### Dataset excerpt ###

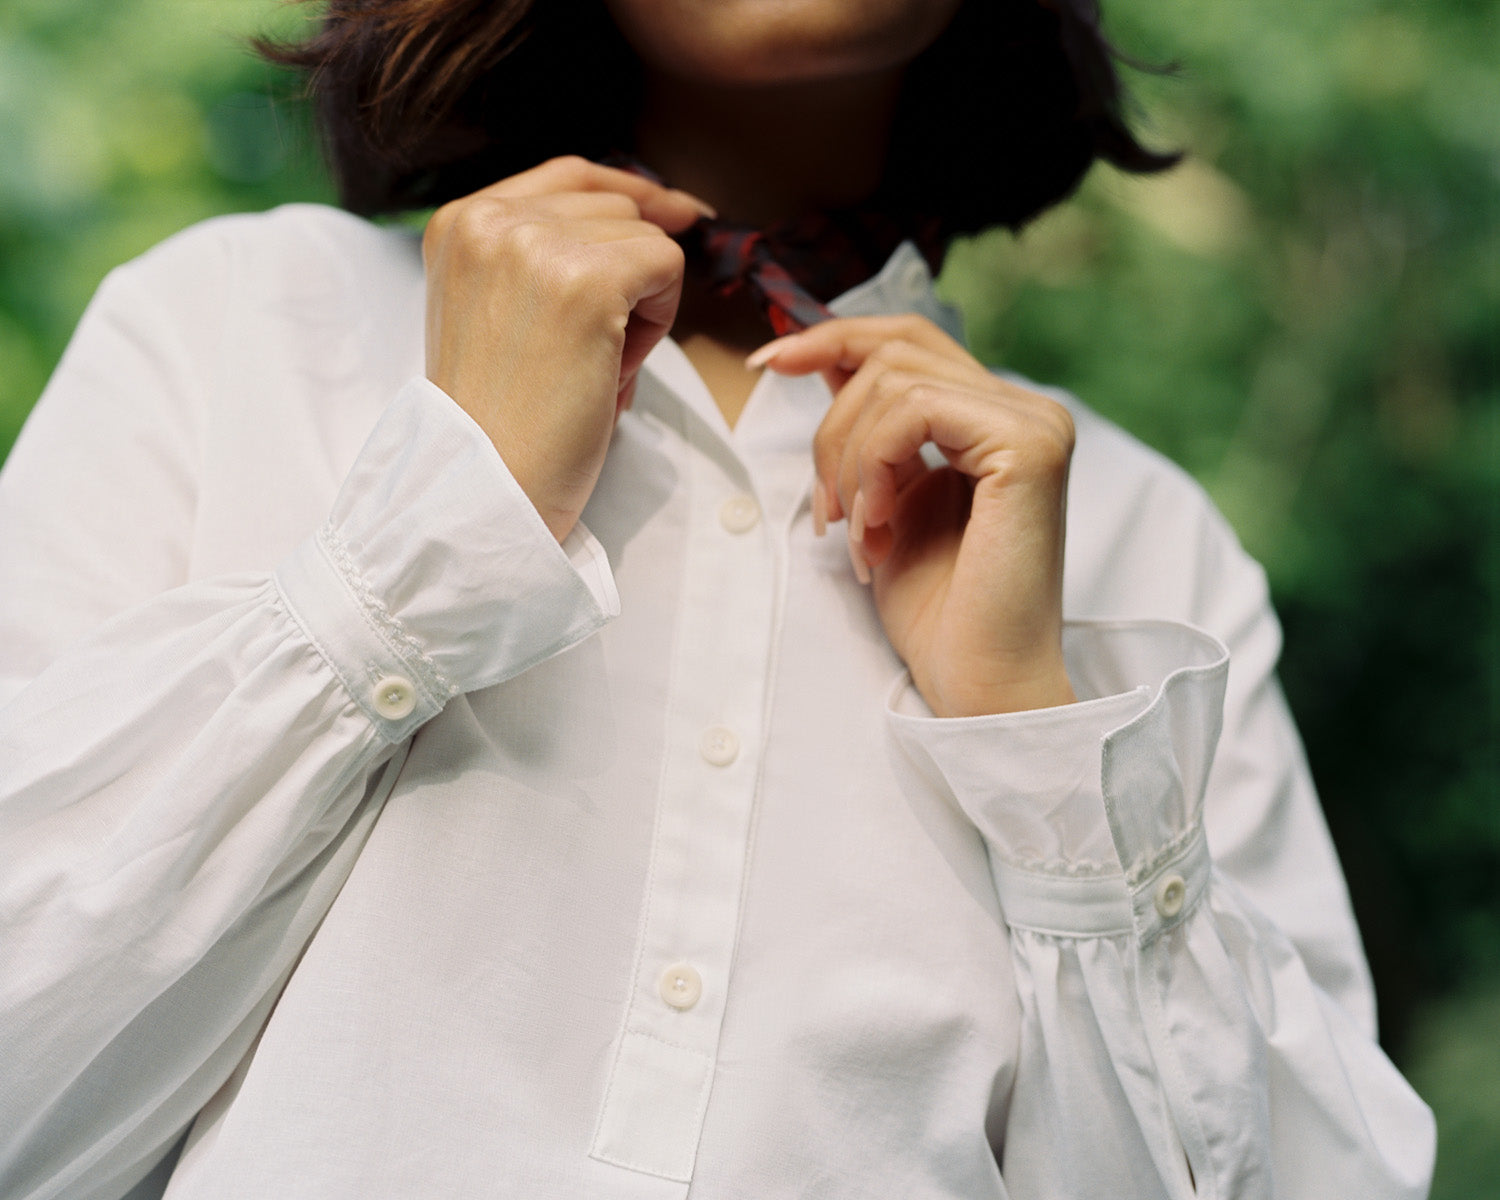 Recycled cotton white blouse - Saywood's Marie A-line blouse with gathered cuffs trimmed with lace. Model touches a red check neckerchief worn around her neck.
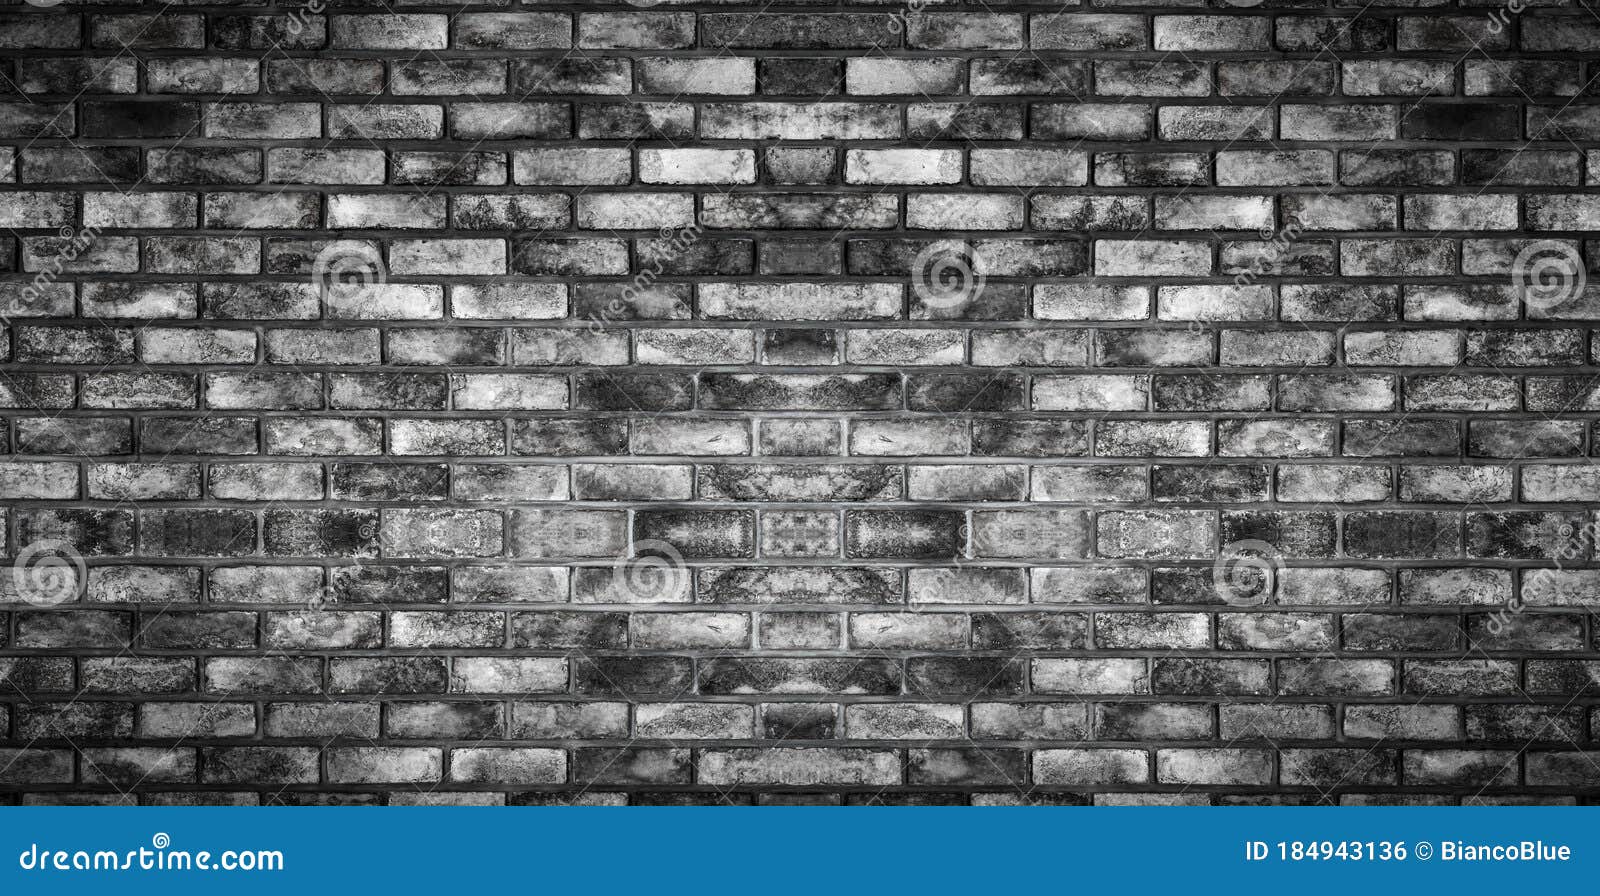 background of brick wall with old texture pattern
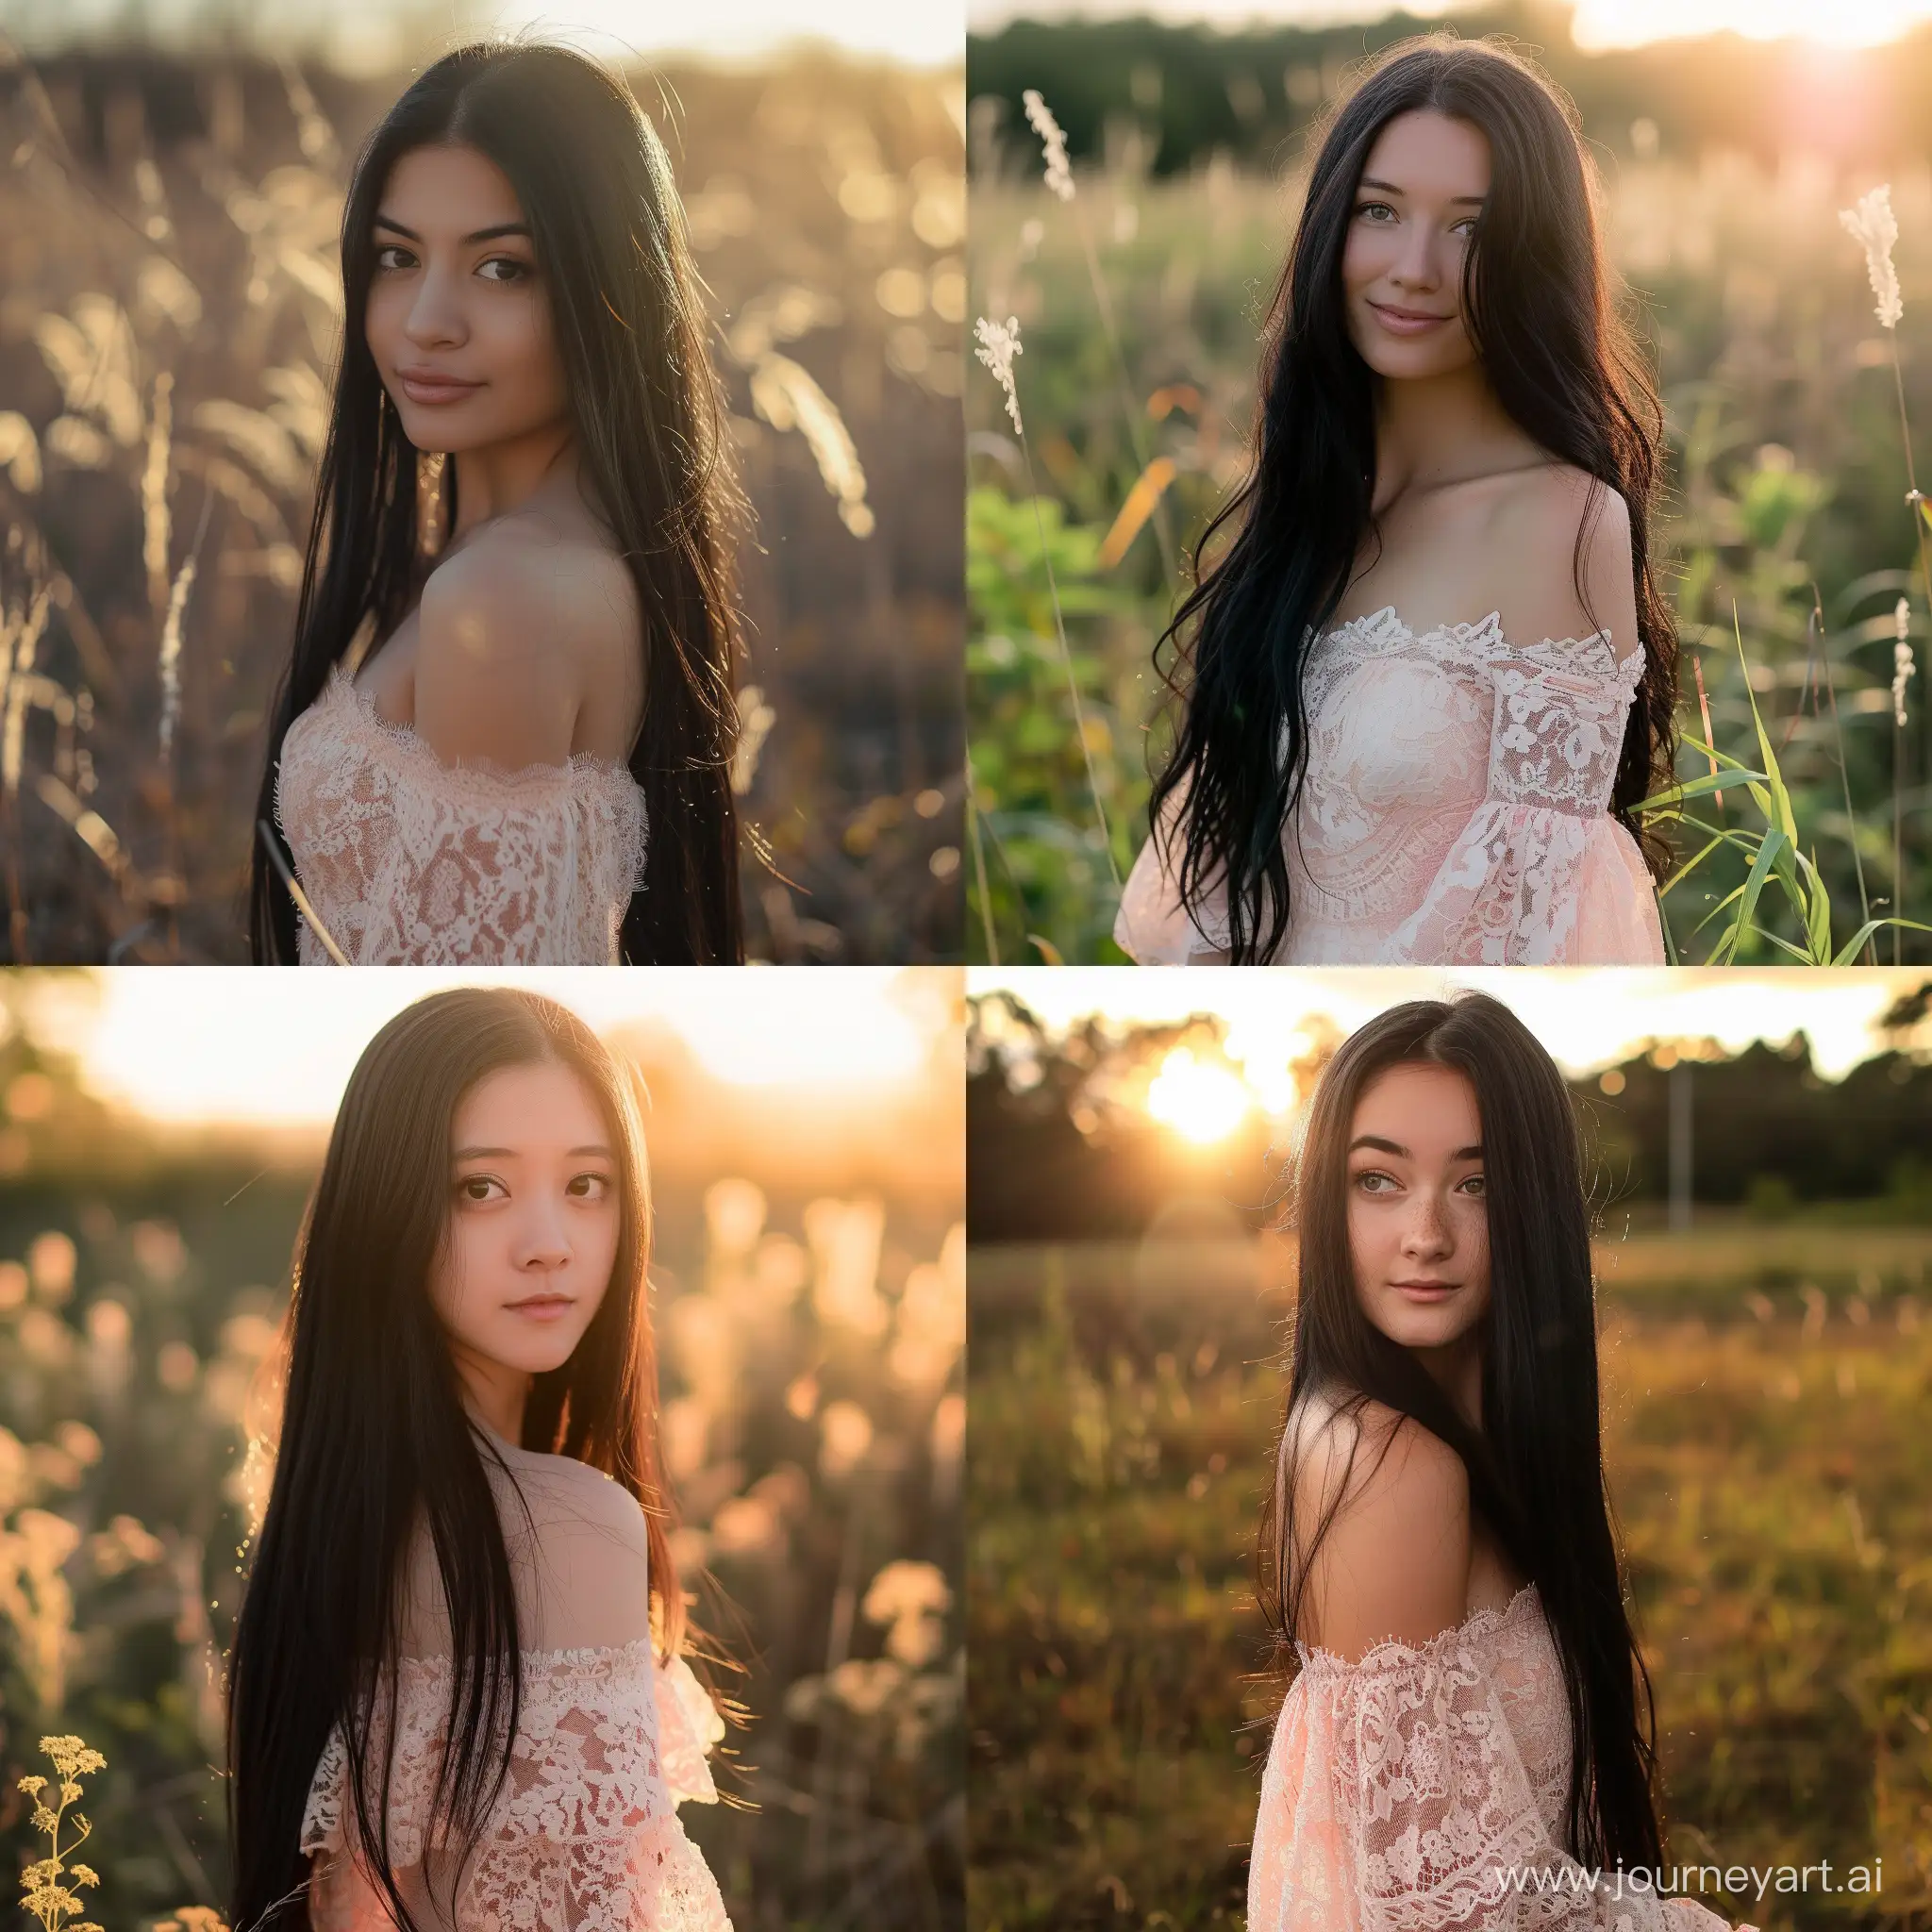 Girl with long black hair in a light pink lace off-shoulder dress during golden hour aesthetic profile picture
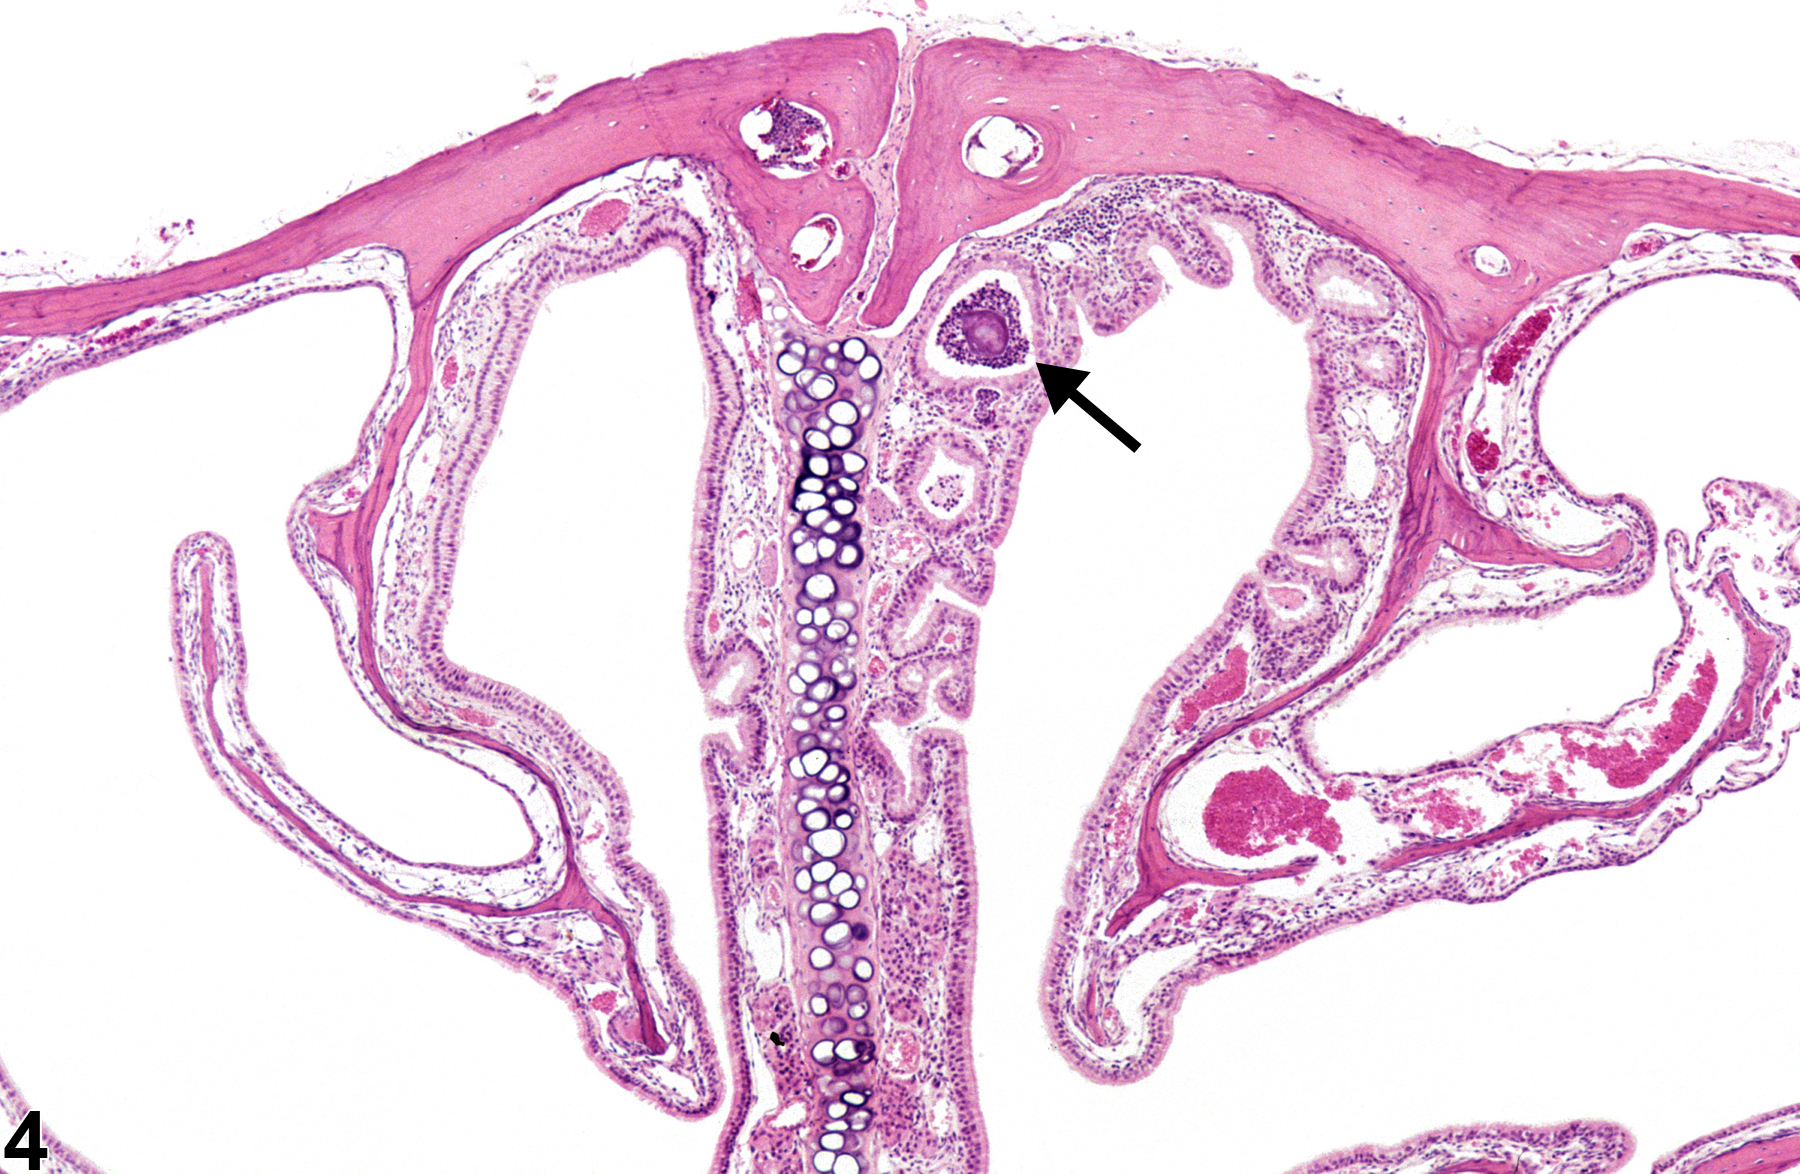 Image of hyperplasia in the nose, respiratory epithelium from a male B6C3F1/N mouse in a chronic study

###

Please write out all of the data verbatim, with no pictures in the copy.

 Recycled cotton white blouse - Saywood's Marie A-line blouse with gathered cuffs trimmed with lace. Model touches a red check neckerchief worn around her neck.
 background of brick wall with old texture pattern
 Girl with long black hair in a light pink lace off-shoulder dress during golden hour aesthetic profile picture
 Image of hyperplasia in the nose, respiratory epithelium from a male B6C3F1/N mouse in a chronic study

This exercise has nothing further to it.